Department of Oncology Nursing, University Hospitals Leuven, Leuven, Belgium; Department of Public Health and Primary Care, Academic Centre for Nursing and Midwifery, KU Leuven, Leuven, Belgium.
Department of Oncology Nursing, University Hospitals Leuven, Leuven, Belgium; Department of Digestive Oncology, University Hospitals Leuven, Leuven, Belgium.
ESMO Open. 2023 Apr;8(2):101205. doi: 10.1016/j.esmoop.2023.101205. Epub 2023 Apr 3.
Both acute and chronic symptoms of oxaliplatin-induced peripheral neuropathy (OIPN) affect patients' treatment dose and duration as well as quality-of-life.

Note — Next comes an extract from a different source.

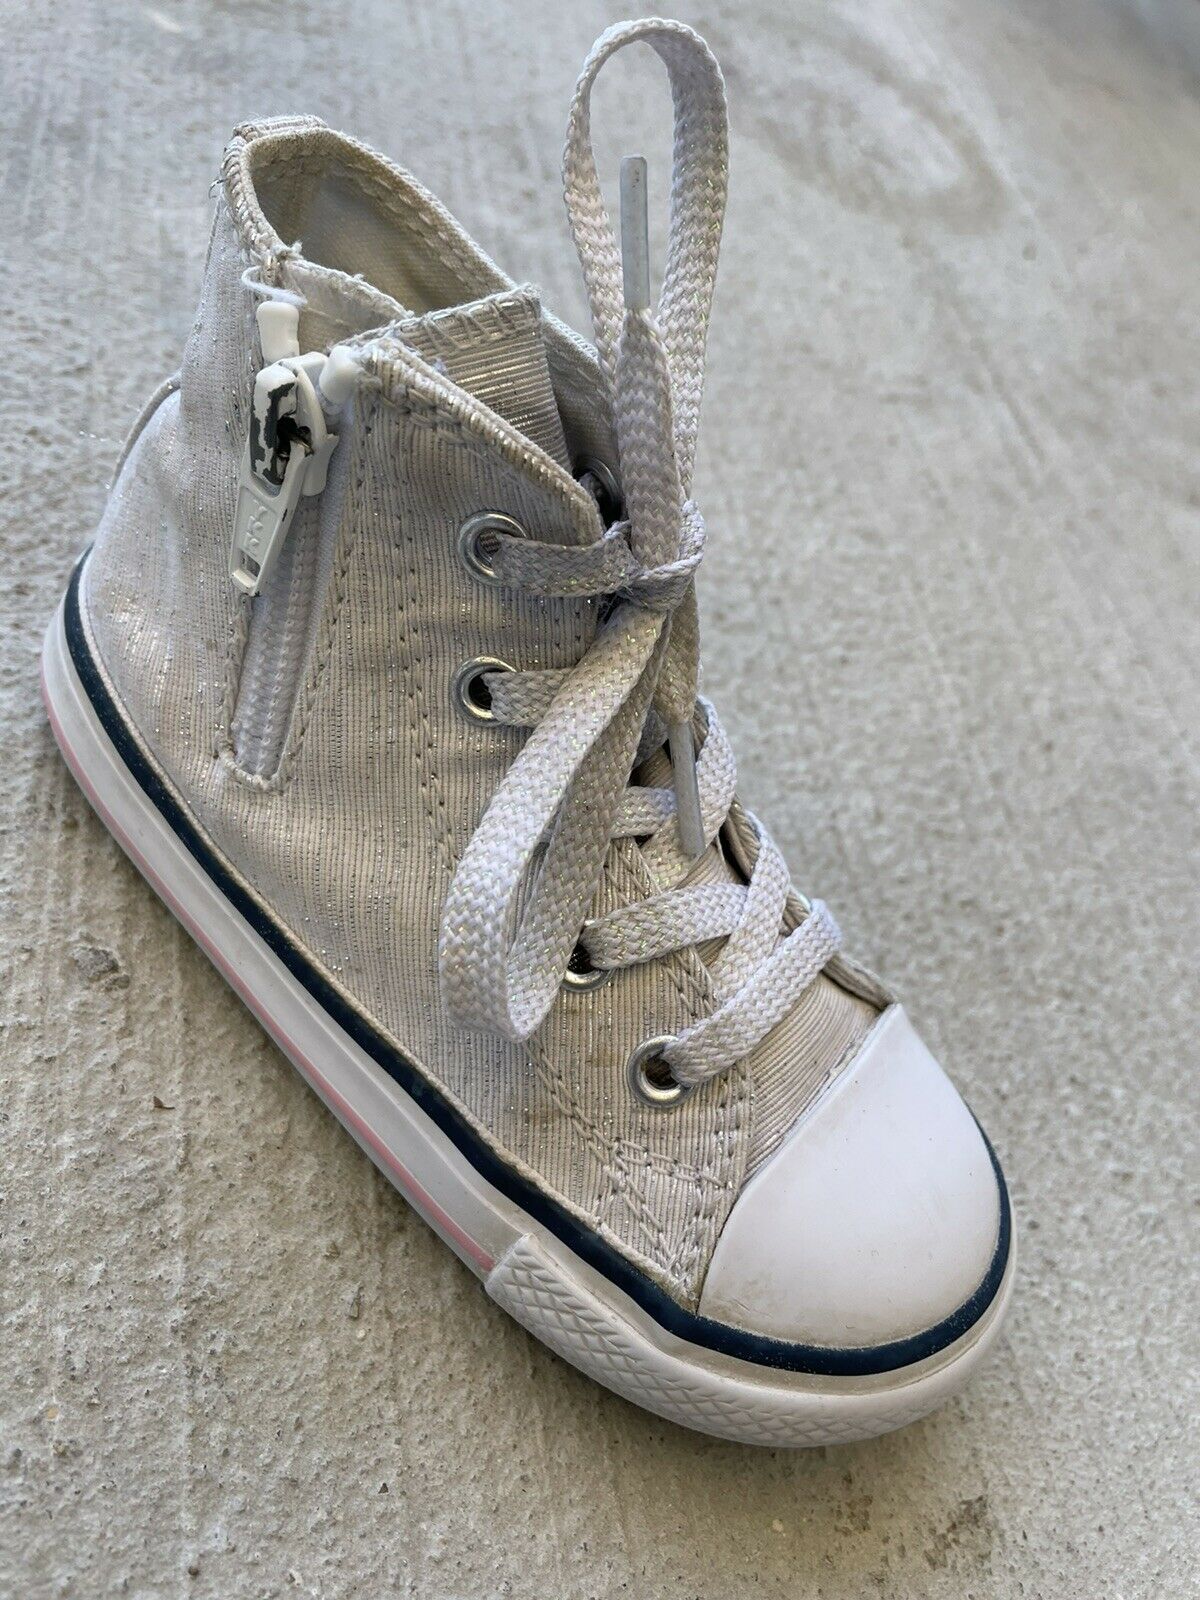 Converse All Star Toddler Girls White Glitter High Top Sneakers Shoes Size 7

Hand/foot-cooling has been shown to reduce taxane-induced peripheral neuropathy but there is unclear evidence in the setting of oxaliplatin.

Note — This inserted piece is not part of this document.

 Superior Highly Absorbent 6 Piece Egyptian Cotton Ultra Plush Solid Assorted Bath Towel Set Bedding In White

In a monocentric, open-label phase II trial, patients with malignancies of the digestive system receiving oxaliplatin-based chemotherapy were randomly assigned to receive either continuous cooling of hands and feet using hilotherapy at 11°C during oxaliplatin infusion compared with usual care (no cooling). The primary endpoint was grade ≥2 neuropathy-free rate in 12 weeks after initiation of chemotherapy. Secondary endpoints included OIPN-related treatment alterations, acute OIPN symptoms and perceived comfort of the intervention.
The intention-to-treat population included 39 patients in the hilotherapy group and 38 in the control group. The grade ≥2 neuropathy-free rate at 12 weeks was 100% in the experimental group versus 80.5% in the control group (P = 0.006). This effect was persistent at 24 weeks (66.0% versus 49.2%, respectively) (P = 0.039). Next, treatment alterations-free rate at week 12 was 93.5% in the hilotherapy group compared with 83.3% in the control group (P = 0.131). Patients in the hilotherapy group experienced significantly less acute OIPN symptoms of numbness or tingling [odds ratio (OR) 0.05, 95% confidence interval (CI) 0.02-0.11, P < 0.0001], pain (OR 0.06, 95% CI 0.02-0.15, P < 0.0001) and/or cold sensitivity (OR 0.02, 95% CI 0.01-0.05, P < 0.0001) in fingers or toes as well as less pharyngeal cold sensitivity (OR 0.14, 95% CI 0.05-0.42, P = 0.0005). The majority of patients in the hilotherapy group rated the intervention as neutral, rather comfortable or very comfortable.
In this first study on hand/foot-cooling in oxaliplatin alone, hilotherapy significantly reduced the incidence of grade ≥2 OIPN at 12 and 24 weeks. Hilotherapy also reduced acute OIPN symptoms and was generally well tolerated.
奥沙利铂引起的周围神经病变(OIPN)的急性和慢性症状都会影响患者的治疗剂量和持续时间以及生活质量。手部/足部冷却已被证明可减少紫杉烷类药物引起的周围神经病变,但在奥沙利铂治疗中证据尚不明确。
在一项单中心、开放标签的 II 期试验中,接受奥沙利铂为基础的化疗的消化系统恶性肿瘤患者被随机分配接受奥沙利铂输注时使用 hilotherapy 进行手部和足部连续冷却(11°C)与常规护理(无冷却)。主要终点是在化疗开始后 12 周时无 2 级以上神经病变的患者比例。次要终点包括 OIPN 相关治疗改变、急性 OIPN 症状和干预的感知舒适度。
意向治疗人群包括 hilotherapy 组 39 例和对照组 38 例。在 12 周时,实验组的 2 级以上神经病变无发生率为 100%,对照组为 80.5%(P=0.006)。这一效果在 24 周时仍持续存在(分别为 66.0%和 49.2%)(P=0.039)。其次,在 12 周时,hilotherapy 组的治疗改变无发生率为 93.5%,对照组为 83.3%(P=0.131)。hilotherapy 组患者手指或脚趾麻木或刺痛感[比值比(OR)0.05,95%置信区间(CI)0.02-0.11,P<0.0001]、疼痛(OR 0.06,95%CI 0.02-0.15,P<0.0001)和/或冷敏感性(OR 0.02,95%CI 0.01-0.05,P<0.0001)以及咽冷敏感性(OR 0.14,95%CI 0.05-0.42,P=0.0005)的急性 OIPN 症状明显减少。hilotherapy 组的大多数患者认为干预措施为中性、相当舒适或非常舒适。
在这项单独使用奥沙利铂的手部/足部冷却的首次研究中,hilotherapy 显著降低了 12 周和 24 周时 2 级以上 OIPN 的发生率。hilotherapy 还减少了急性 OIPN 症状,且总体耐受性良好。